LMNs are related to another class of recurrent models: orthogonal recurrent networks. Imposing the orthogonality on the LMN and truncating the gradient, an approach inspired by the original LSTM training algorithm[ 11 ], the network gains a constant propagation of the gradient, and therefore the vanishing and exploding gradient problems are provably eliminated. However, compared to orthogonal models the LMN has two distinct advantages: first, despite the linearity of the memory, the entire network is still nonlinear since the functional component is a (possibly multi-layer) feedforward network. Orthogonal models instead can use a limited class of activation function to guarantee the constant gradient propagation. Furthermore, the pretraining with the LAES is much more effective than a random orthogonal initialization, since the resulting model is an optimal autoencoder. These advantages can be seen also in the experimental results, where the LMN achieves better results than any other orthogonal model in the literature on sequential MNIST and permuted MNIST. Other experimental results on TIMIT show a similar trend. 5

Conclusions and Future Work

The results of our research show that recurrent architectures can benefit from better training algorithms and initializations focused on solutions for the memorization subtask. The proposed conceptual separation allows separating the memory component to design novel models and training algorithms. An example of this approach is the Linear Memory Network, where the linearity of the memory is exploited to develop a pretraining algorithm that initializes the memory with the optimal autoencoder. The connection with the work on orthogonal models is fundamental to guarantee good properties necessary to learn long-term dependencies. We remark how these results are a consequence of the separation of the model into two components.

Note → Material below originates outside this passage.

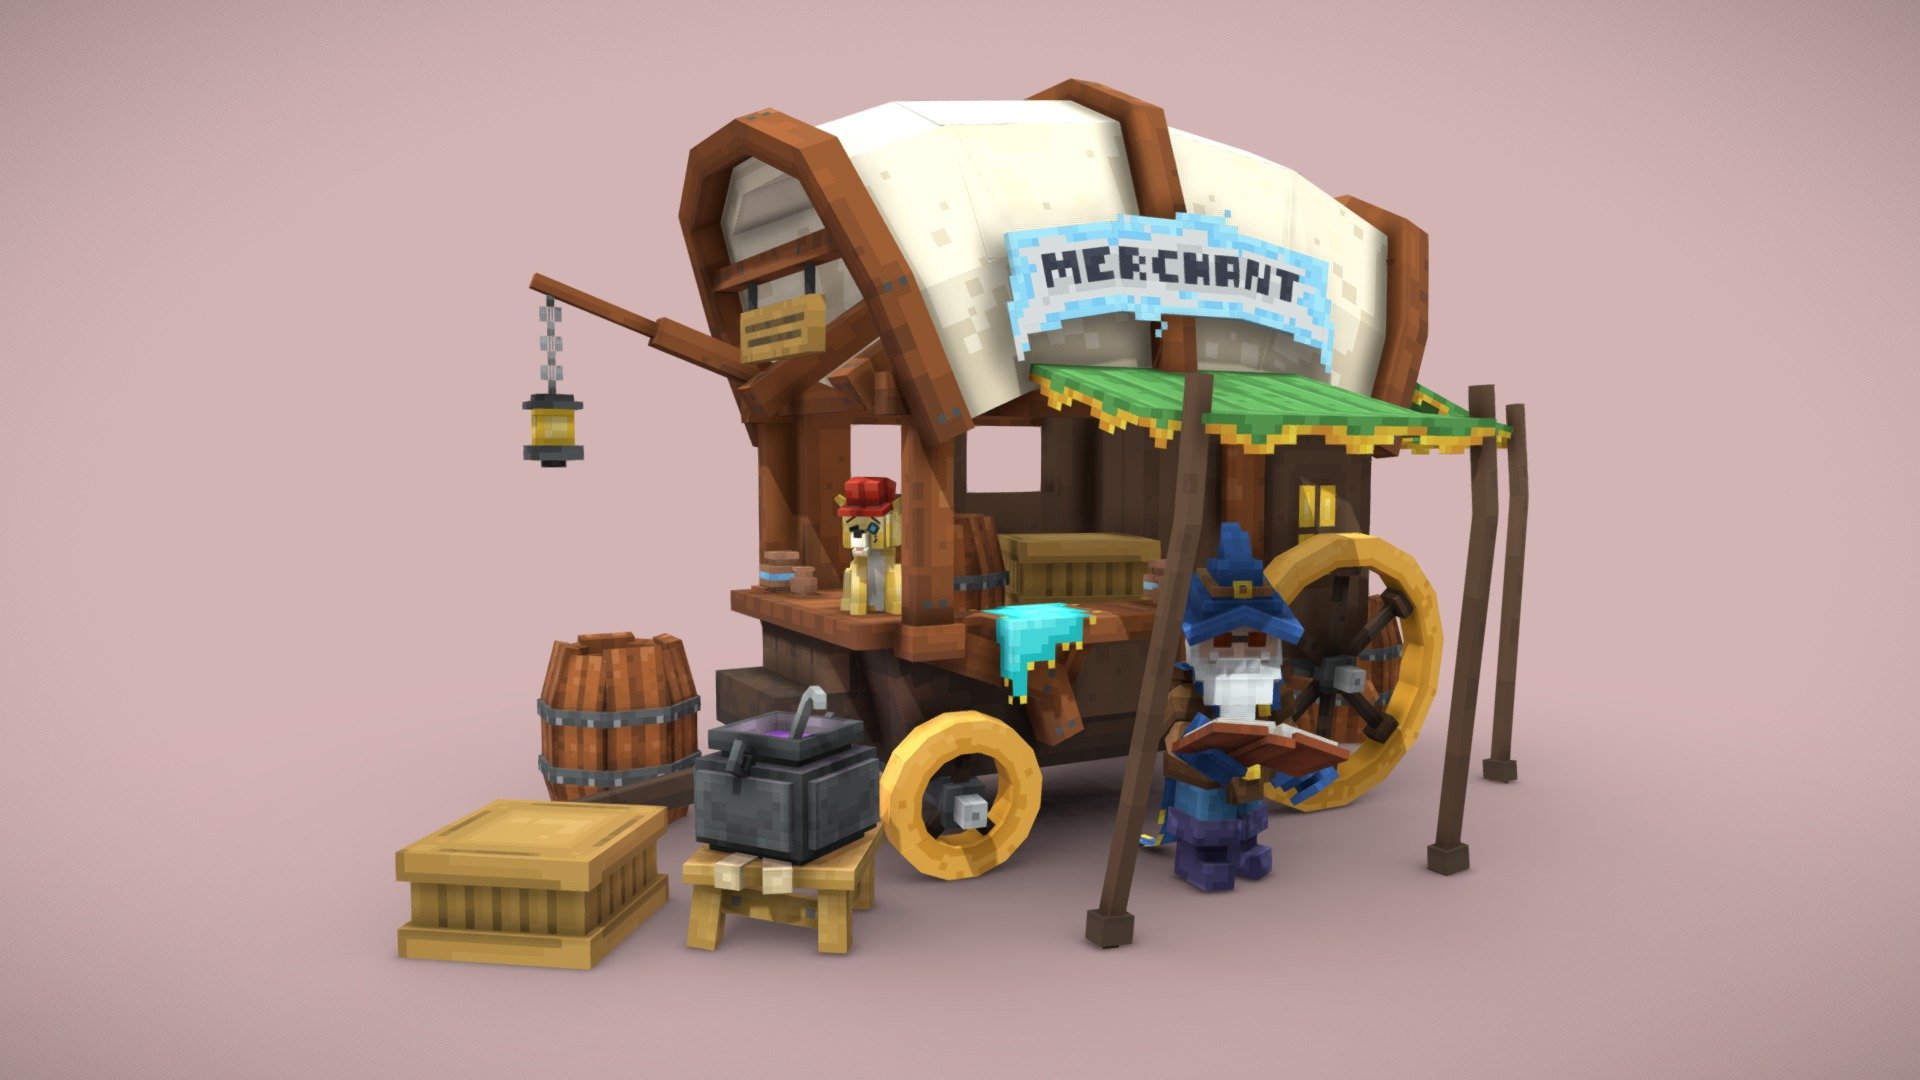 Merchant and his cart wandering through different cities in search of new and better deals! This magical merchant might be able to offer more than what meets the eye&hellip; ;) - Cart and Merchant scene - 3D model by nitsan 3d model

In general, the experimental results show consistent improvements on several challenging datasets. The improvements are especially evident on datasets that require the memorization of long sequences, like complex sequences of notes in MIDI datasets or sequential pixel MNIST. These datasets are especially difficult for RNNs, which suffers from the vanishing gradient problem. They are also difficult for LSTMs, which tend to forget their input after a long sequence, due to the exponential effect of the forget gate. However, it must be noted that on different datasets, like several natural language processing benchmarks, the ability to forget past information seems a key component of every successful model. Therefore, we believe it is important to study new approaches that are able to combine the advantages of pure memorization models with architectures that are able to selectively forget.

This line of research offers several directions for future work. The linearity of the memory is useful to investigate the application of hessian-free optimization methods for RNNs.

Another possible line of research is the application of our approach to other fields. We are currently evaluating the domain of continual learning for sequential data as a possible avenue for future research. Continual learning models must be able to continually learn from new data without forgetting the old samples. We believe that this is a setting that could benefit from a separate memory, able to recognize the different samples and account for the differences between each subtask.

In conclusion, we believe a stronger focus on the memorization properties of recurrent models and training algorithms can bring large benefits to the field.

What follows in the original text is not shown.